_Data segment_:
>>>
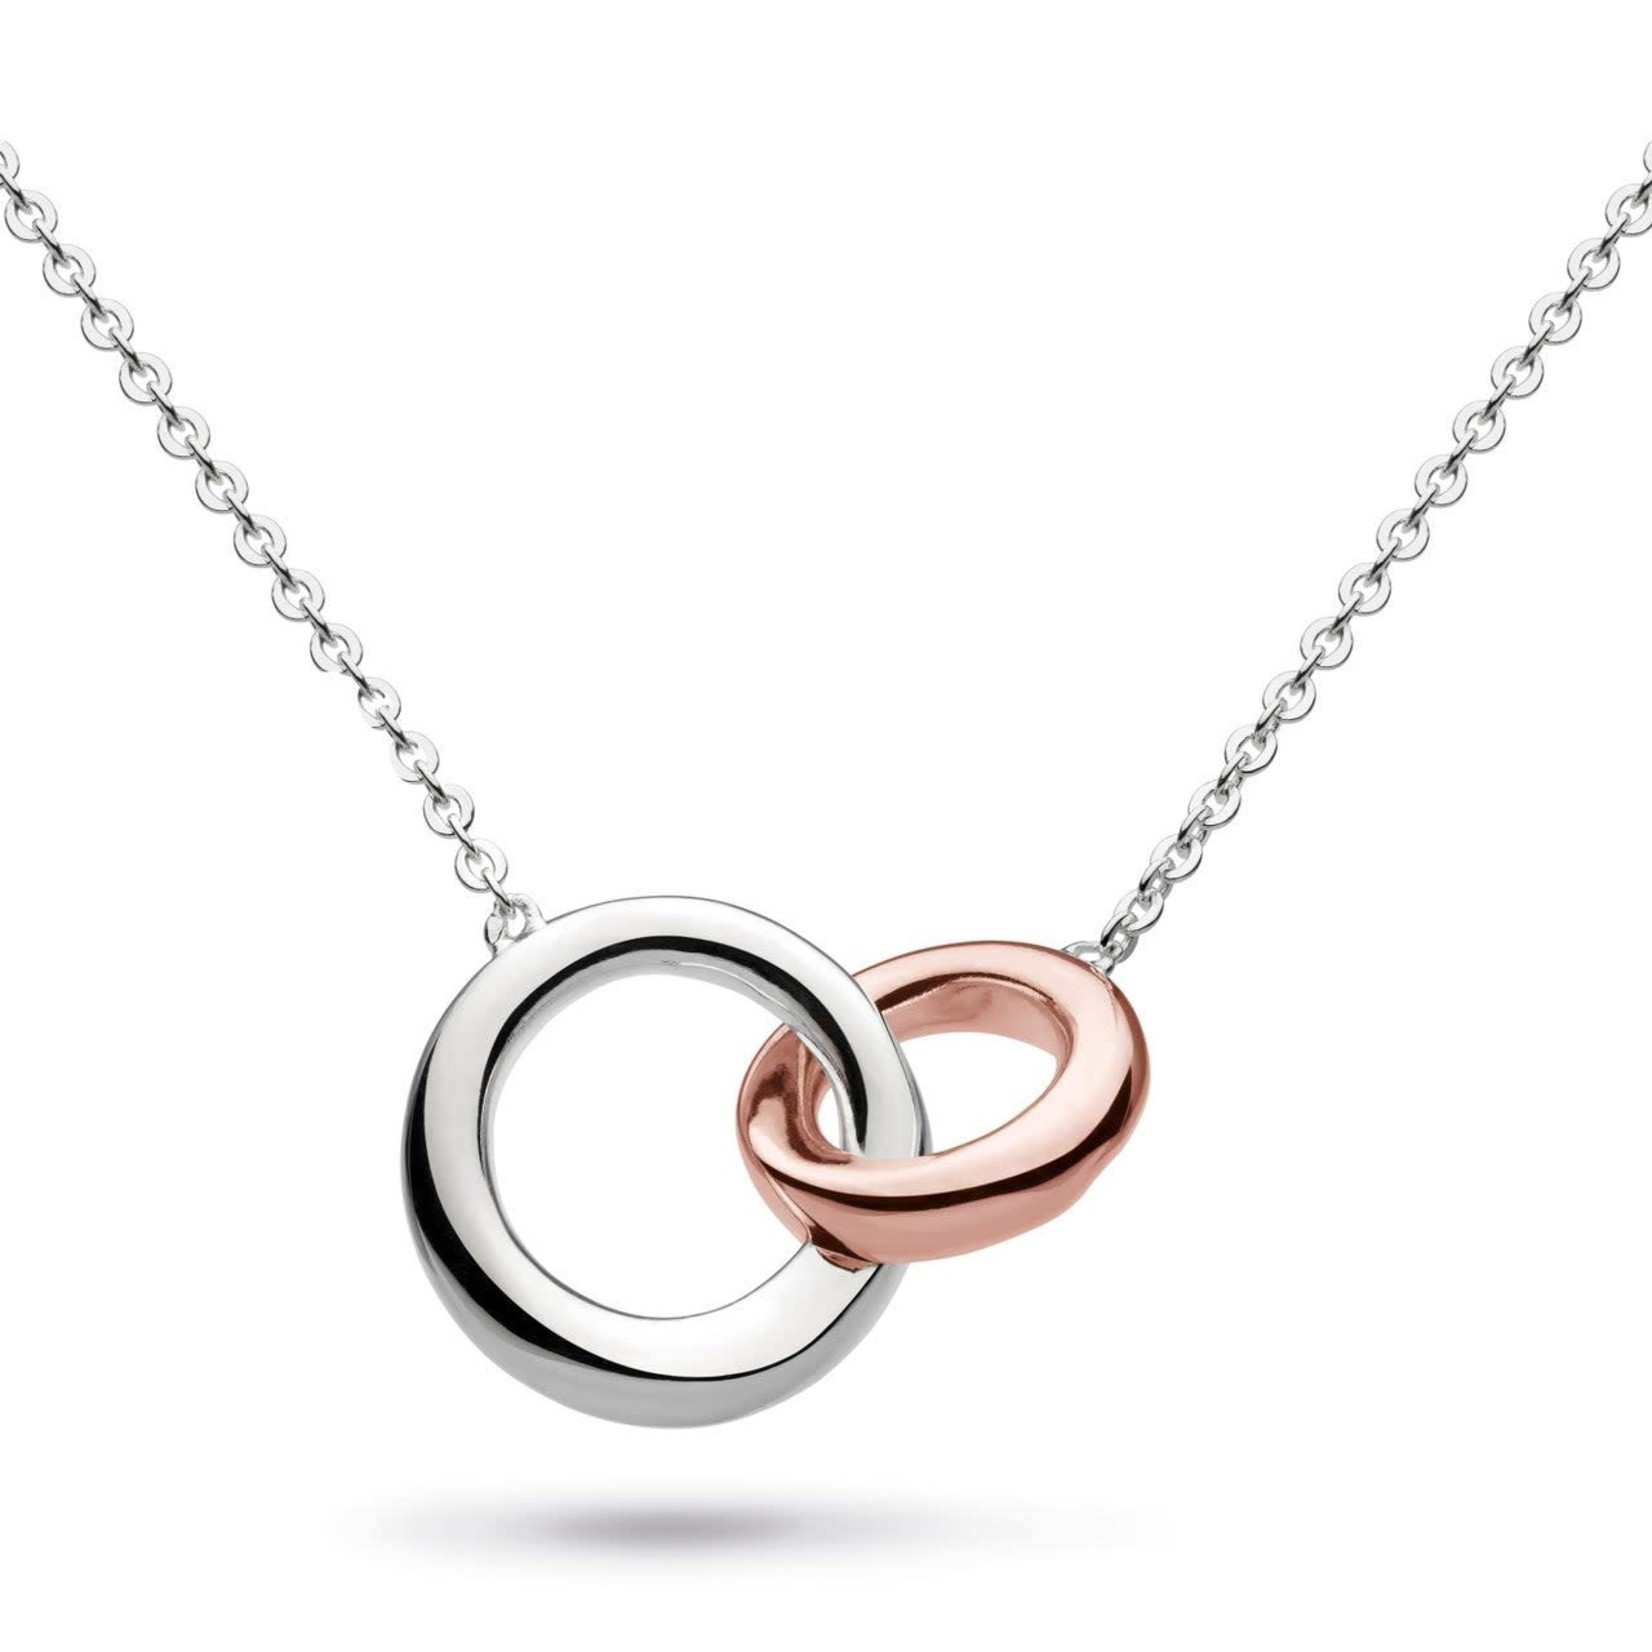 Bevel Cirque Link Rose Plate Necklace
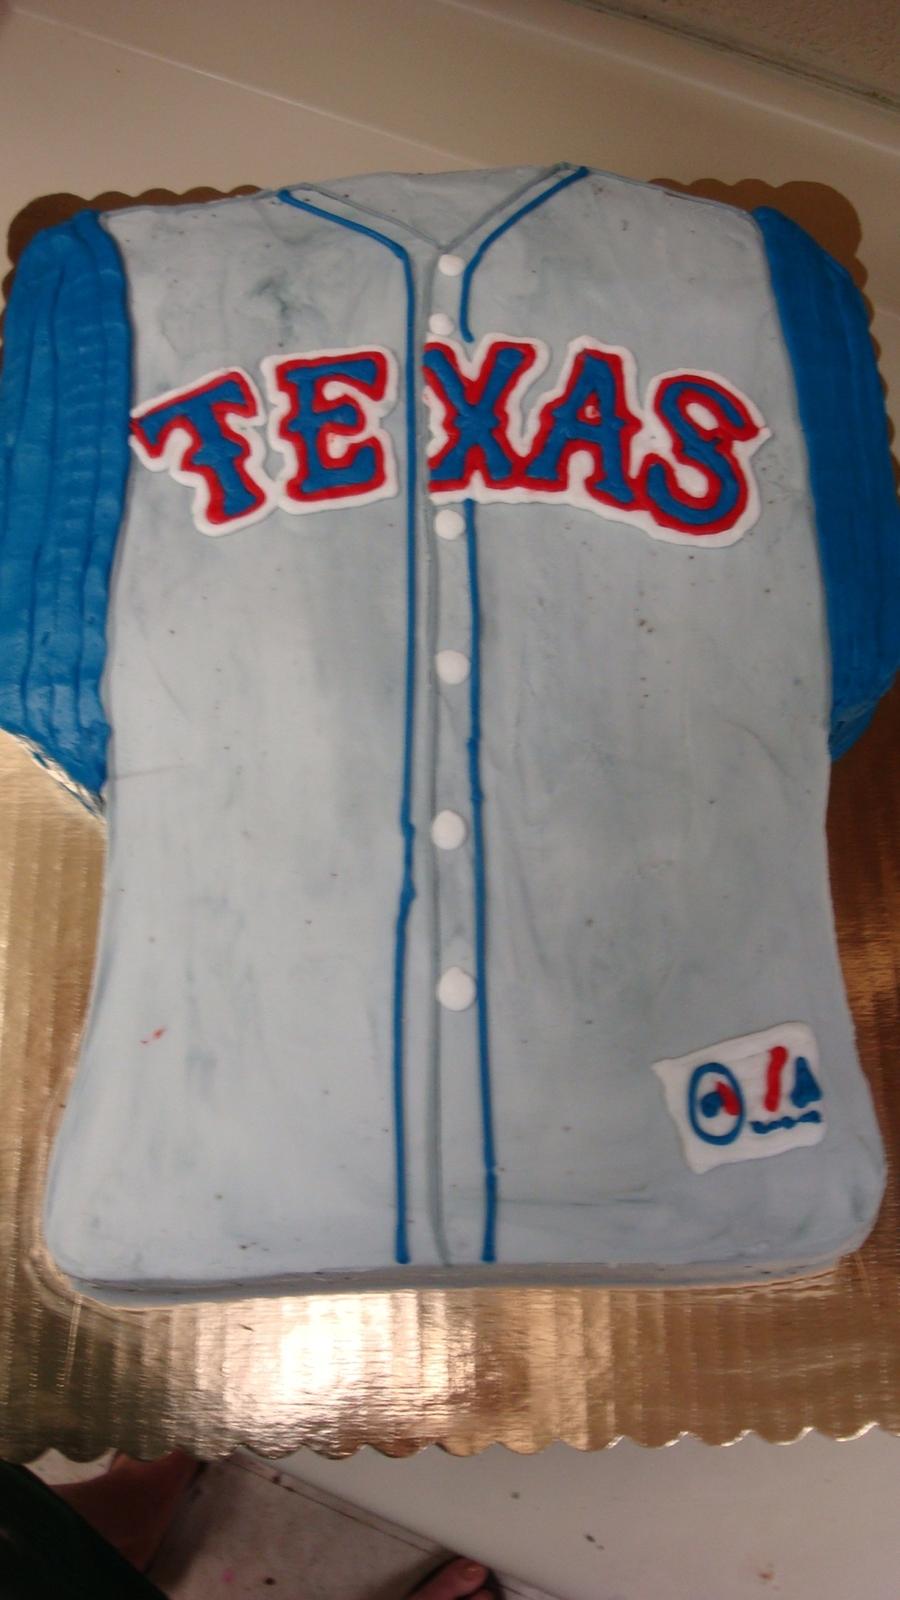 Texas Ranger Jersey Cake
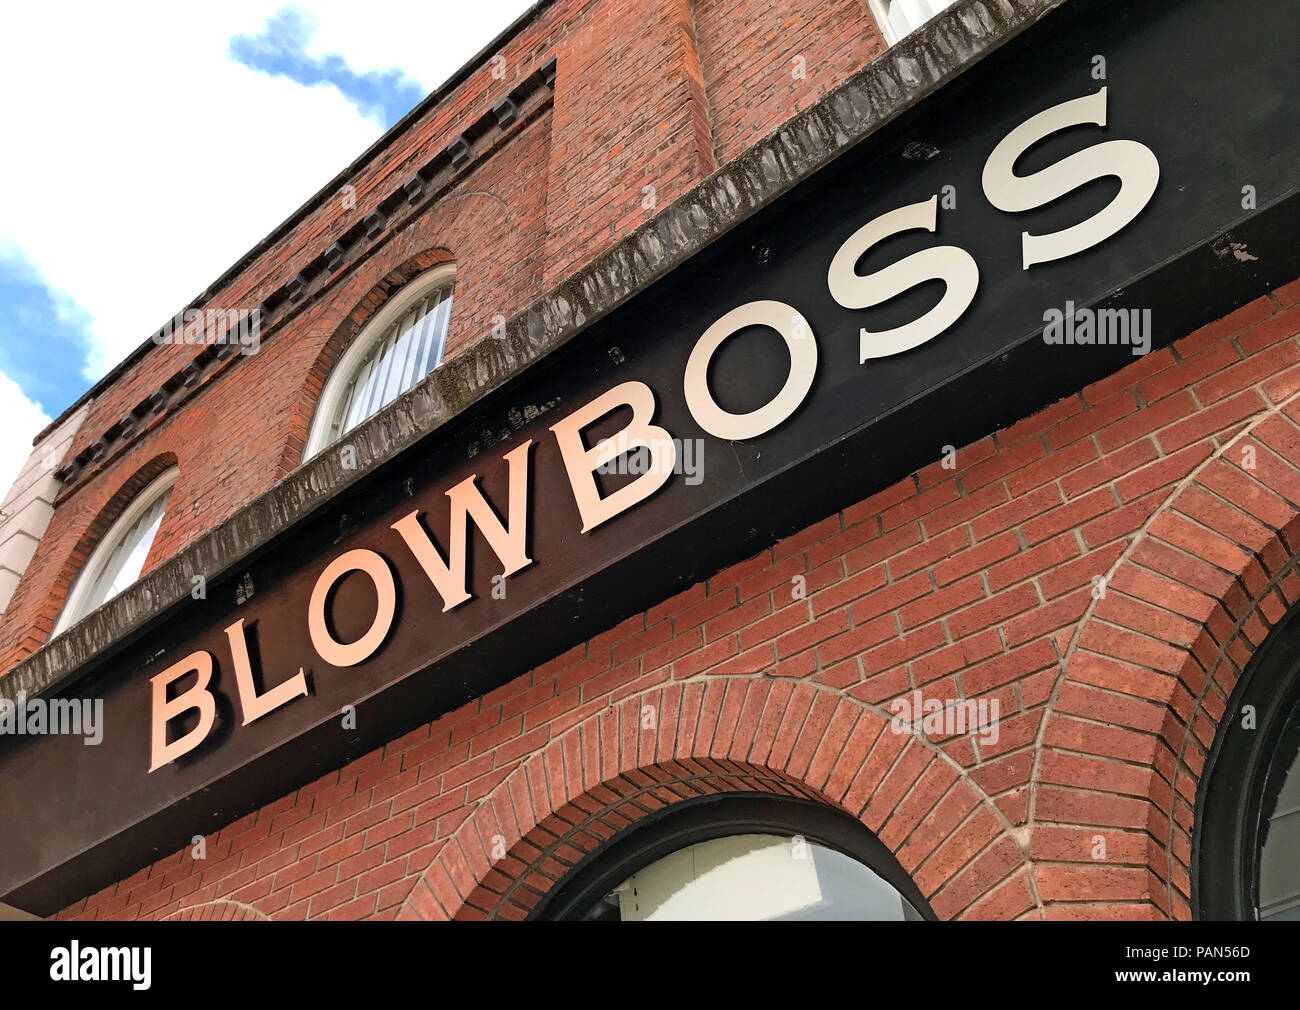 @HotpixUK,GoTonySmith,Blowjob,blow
<<<
_What is required_: Copy out every line above, word for word, minus images.

_Output below_:
 Bevel Cirque Link Rose Plate Necklace
 Texas Ranger Jersey Cake
 @HotpixUK,GoTonySmith,Blowjob,blow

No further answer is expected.